In 2002, the Institute of Medicine estimated that the death rate of the uninsured is 25 percent higher than for otherwise similar people who have health insurance. According to the study, 18,000 excess deaths occurred each year because 40 million Americans lacked insurance.

But a 2009 rebuttal study by Richard Kronick of the Health Research and Education Trust found that when adjusted for health status and other factors, the risk of subsequent mortality is no different for people who lack insurance than for those who are covered by employer-sponsored plans. Kronick's conclusion: "There is little evidence to suggest that extending insurance coverage to all adults would have a large effect on the number of deaths in the United States."

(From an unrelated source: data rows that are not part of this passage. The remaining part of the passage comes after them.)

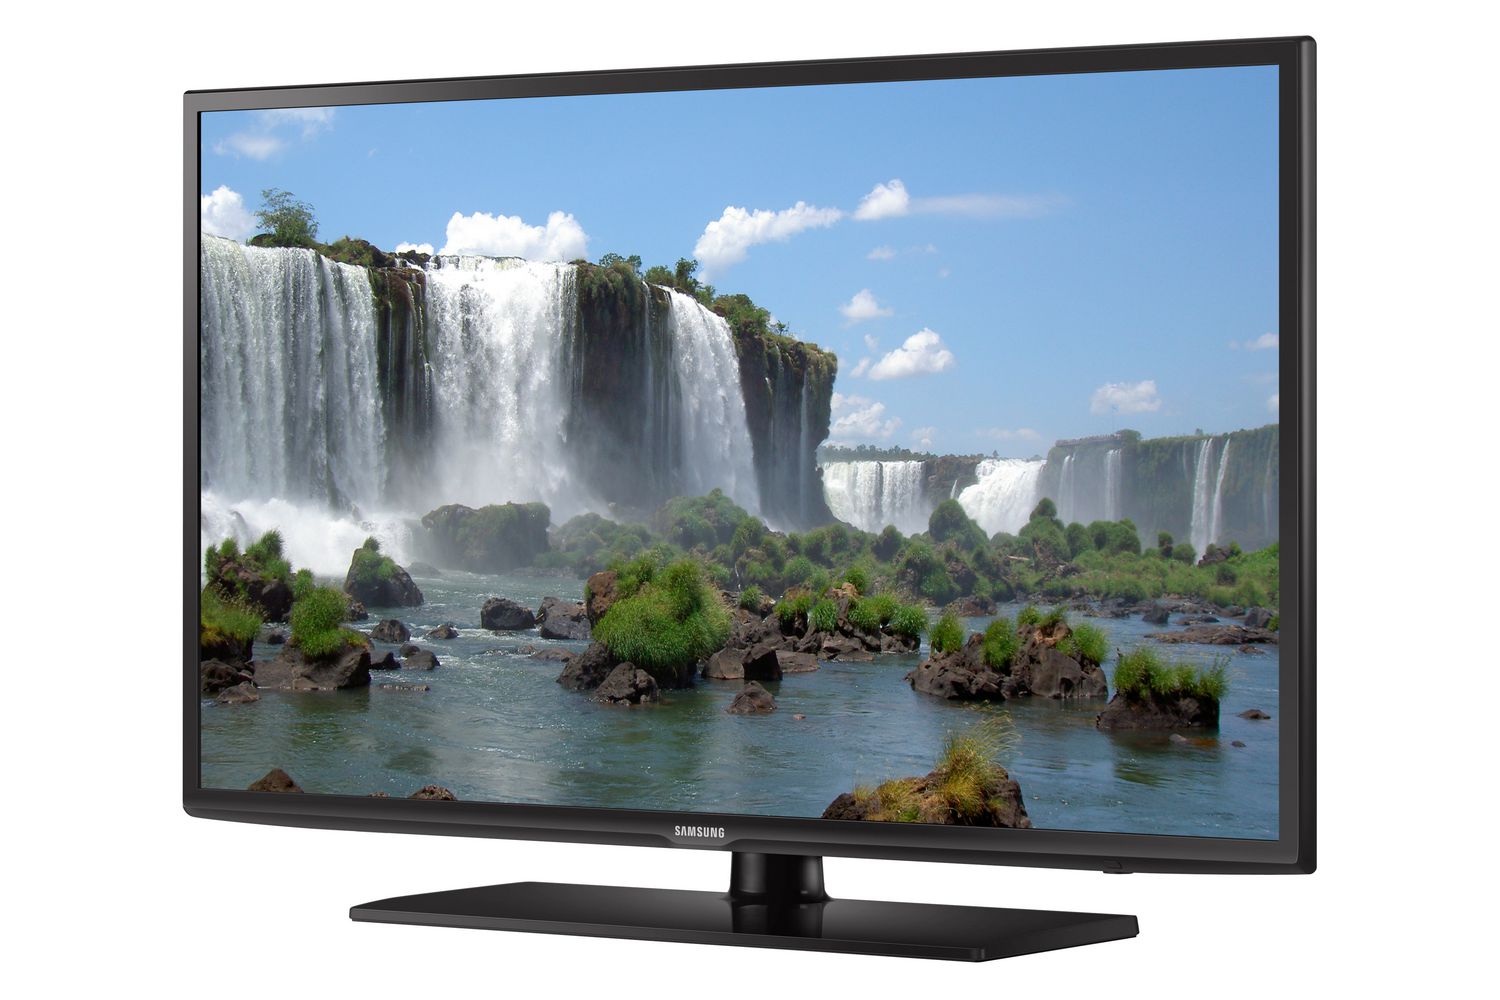 Samsung 55" Full HD 1080p Series Smart LED TV - UN55J6201 ...
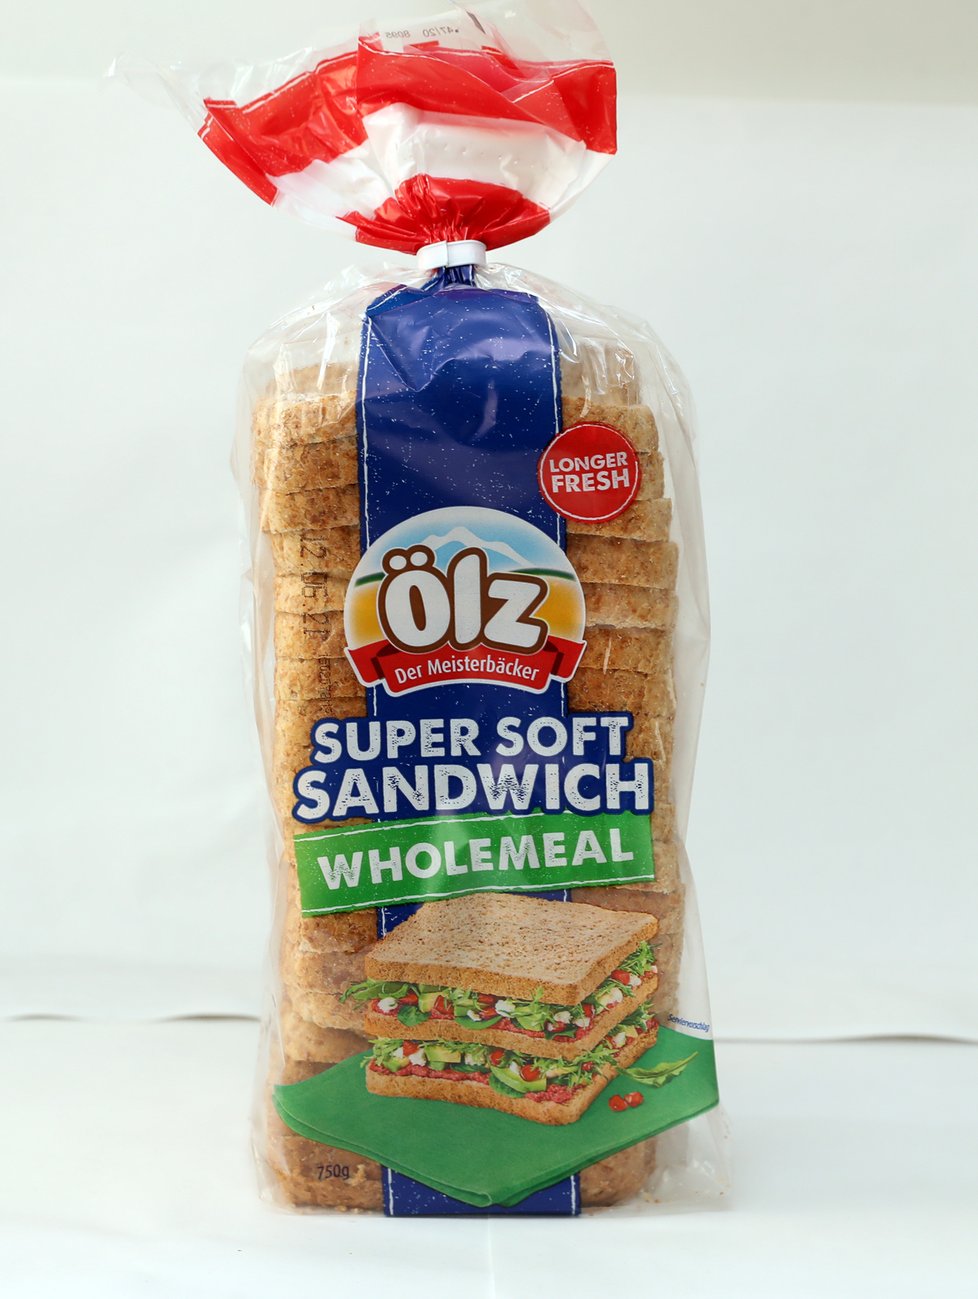 Blesk nechal v laboratoři otestovat celozrnné toustové chleby. Jak výrobky ve spotřebitelském testu uspěly?
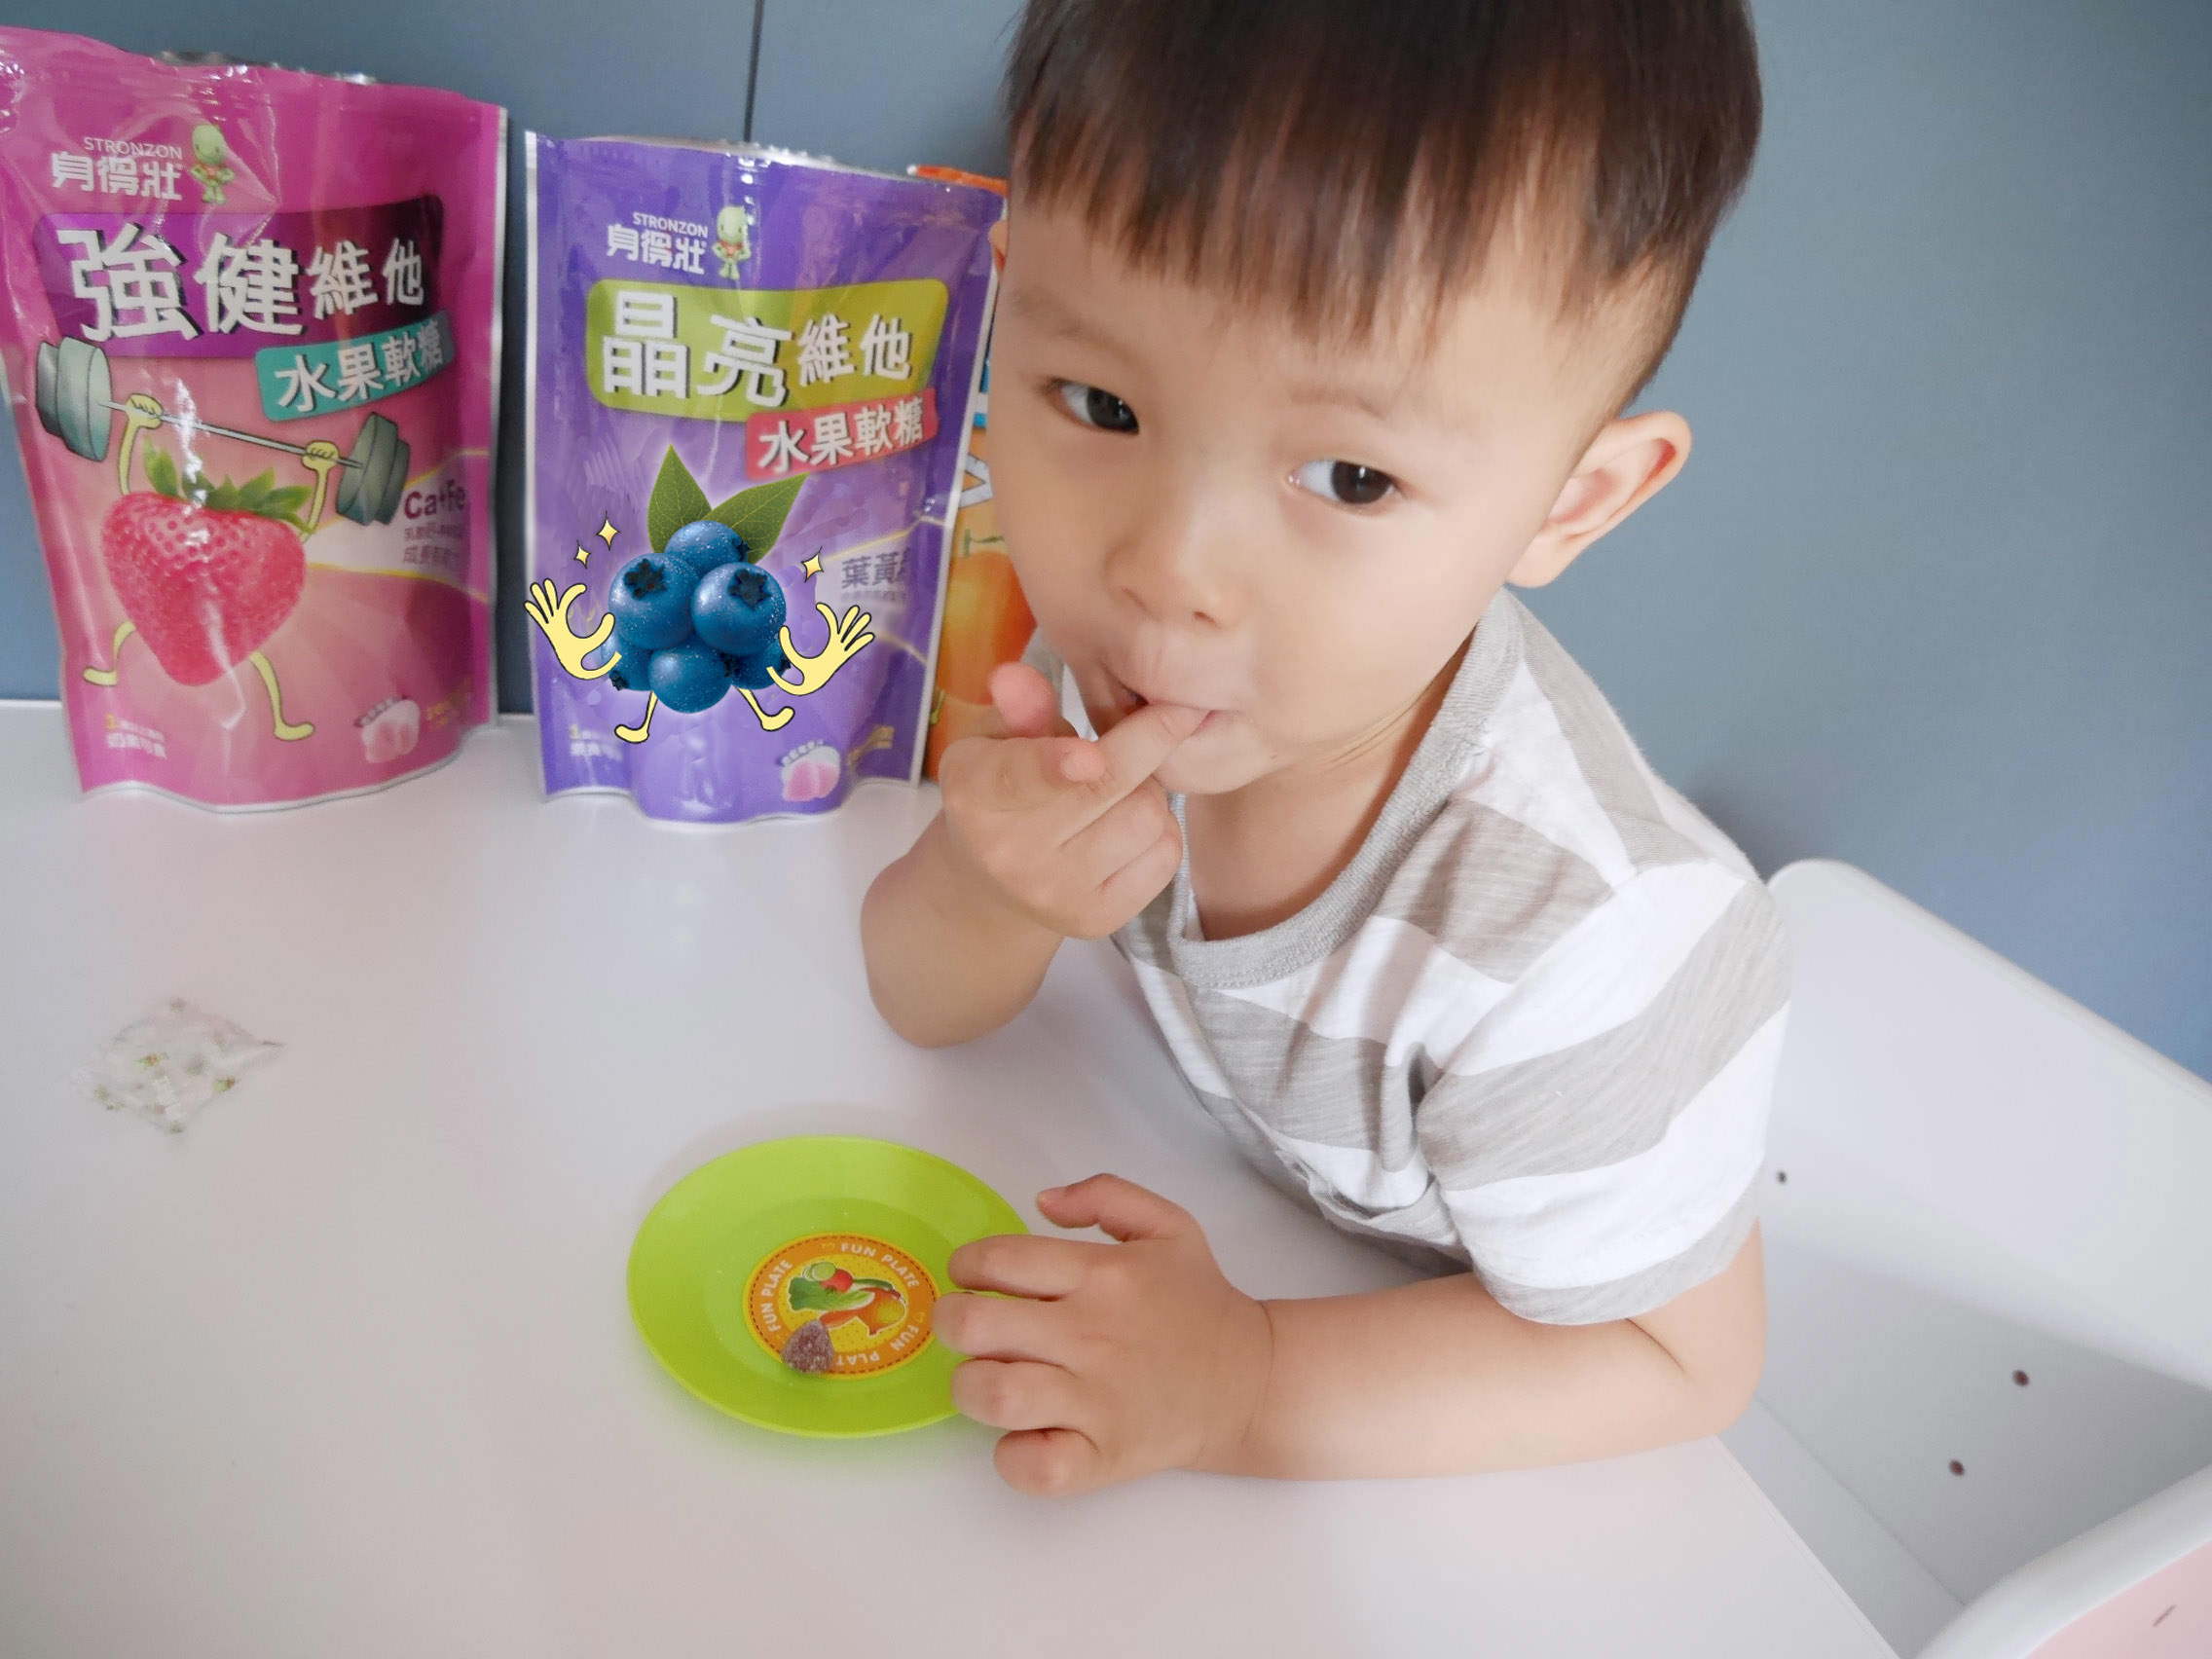 [副食品] 無人工香料/色素/防腐劑,讓一歲以上寶寶可以安心吃的身得壯維他水果軟糖

The Harvard researchers compared Massachusetts death rates from 2001 to 2005 to the four-year period after the new health care law was enacted, and found that the mortality rate decreased by 3 percent between 2006 and 2010. Using county-level mortality rates from the CDC, they compared 4 million Massachusetts residents (the entire population from age 20 to 64) to a control group with similar demographics in counties in other New England states.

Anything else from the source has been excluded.